Anything that cannot be changed arbitrarily by the agent is considered to be outside of it and this part of its environment. The agent-environment boundary represents the limit of the agent's _absolute control_, not of its knowledge 

## 3.3 Returns and Episodes

__Return__:

$$
G_t \doteq R_{t+1} + R_{t+2} + \dots + R_{T},
\tag{3.7}
$$

where $T$ is a final time step.

__Episodes__: natural subsequences of agent-environemnt interaction, e.g. plays of a game.

__Terminal state__: special state that ends an episode. This is followed by a reset to a standard starting state.

__Episode task__: tasks with episodes that all end in the same terminal state, with different rewards for the different outcomes.

__$\mathcal{S}$__: set of all nonterminal states

__$\mathcal{S}^+$__: set of all states plus the terminal state

__Discounted return__:

$$
\begin{align*}
G_t & \doteq R_{t+1} + \gamma R_{t+2} + \gamma^2 R_{t+3} + \dots \\
& = \sum_{k=0}^{\infty} \gamma^k R_{t+k+1},
\end{align*}
\tag{3.8}
$$

where $\gamma$, $0 \leq \gamma \leq 1$, is the _discount rate_.

__Discount rate__: parameter that determines the present value of future rewards.



## 3.5 Policies and Value Functions 

The _value function_ of a state $s$ under a policy $\pi$, denoted $v_\pi(s)$, is the expected return when starting in $s$ and following $\pi$ thereafter. For MDPs, we can define $v_\pi$ formally by

$$
v_\pi(s) \doteq \mathbb{E}_\pi[G_T | S_t = s] = \mathbb{E}_\pi \left[ \sum_{k=0}^{\infty} \gamma^k R_{t+k+1} \middle| S_t = s \right], \text{for all $s \in \mathcal{S}$,} 
$$

where $\mathbb{E}_\pi[\cdot]$ denotes the expected value of a random variable given that the agent follows policy $\pi$, and $t$ is any time step. Note that the value of the terminal state, if any, is always zero. We call the function $v_\pi$ the _state-value function for policy $\pi$_.

Define the value of taking action $a$ in state $s$ under a policy $\pi$, denoted $q_\pi(s, a)$, as the expected return starting from $s$, taking the action $a$, and thereafter following policy $\pi$:

$$
q_\pi(s, a) \doteq \mathbb{E}_\pi[G_t | S_t = s, A_t = a] = \mathbb{E} \left[ \sum_{k=0}^{\infty}\gamma^k R_{t+k+1} \middle| S_t = s, A_t = a \right].
\tag{3.13}
$$

Call $q_\pi$ the _action-value function for policy $\pi$_.
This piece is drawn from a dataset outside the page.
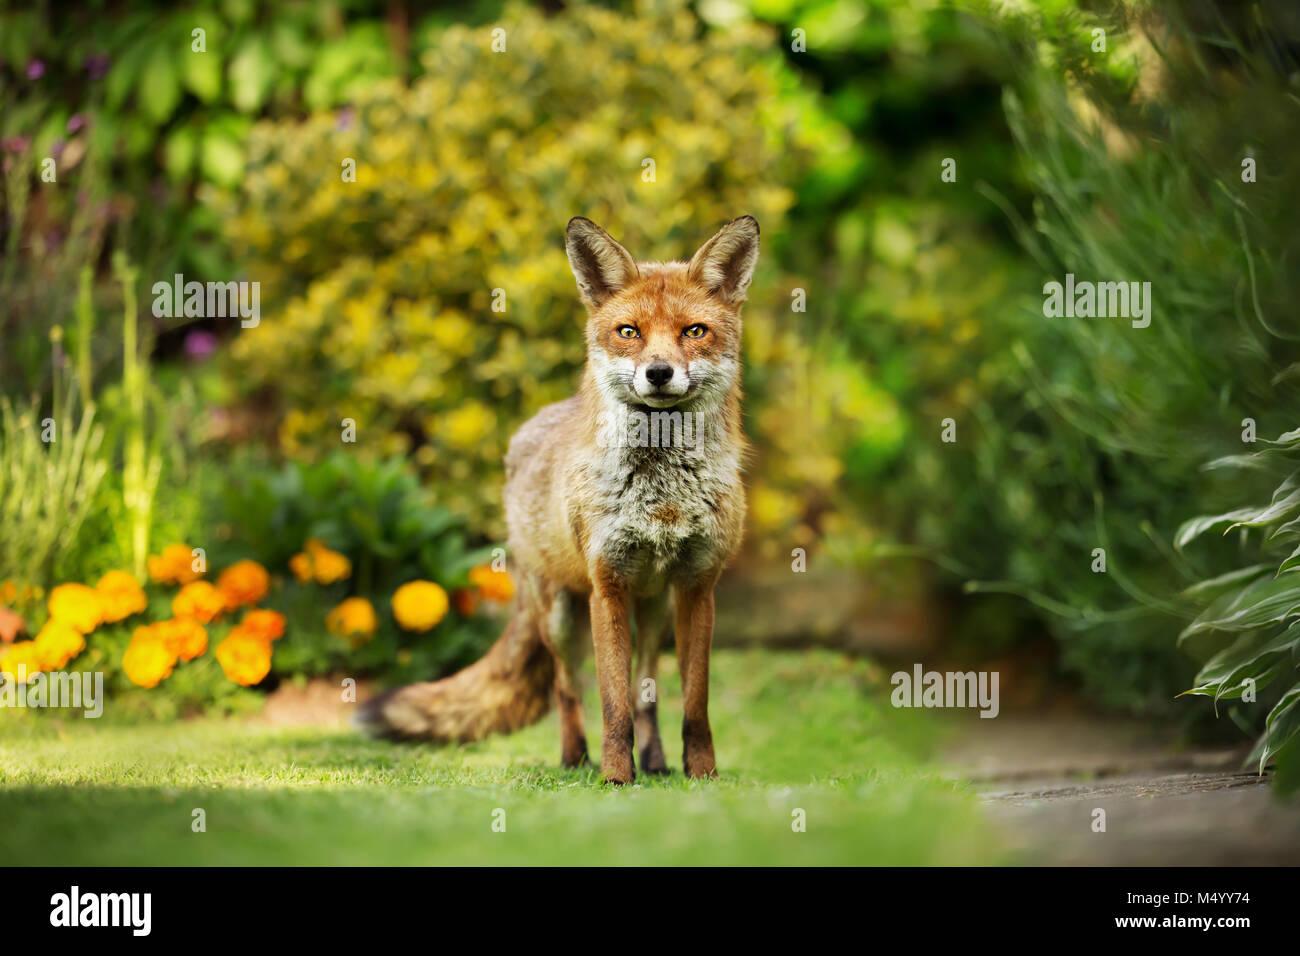 Red Fox in piedi nel giardino con fiori, estate nel Regno Unito. Immagini Stock

For any policy $\pi$ and any state $s$, the following consistency condition holds between the value of $s$ and the value o its possible successor states: (The _Bellman equation for $v_\pi$_)

$$
\begin{align*}
v_\pi(s) & \doteq \mathbb{E}_\pi \left[ G_T \middle| S_t = s \right] \\
& = \sum_{a} \pi \left( a \middle| s \right) \sum_{s', r} p \left( s', r \middle| s, a \right) \left[ r + \gamma v_\pi(s') \right], \text{ for all $s \in \mathcal{S}$,} 
\tag{3.14}
\end{align*}
$$

The equation states that the value of the start state must equal the (discounted) value of the expected next state, plus the reward expected along the way. 

### Example 3.6: Golf

- Reward: -1 for each stroke until we hit the ball into the hole.
- State: location of the ball.
- Value of a state: negative of the number of strokes to the hole from that location.
- Actions: how we aim and swing at the ball and which club we select.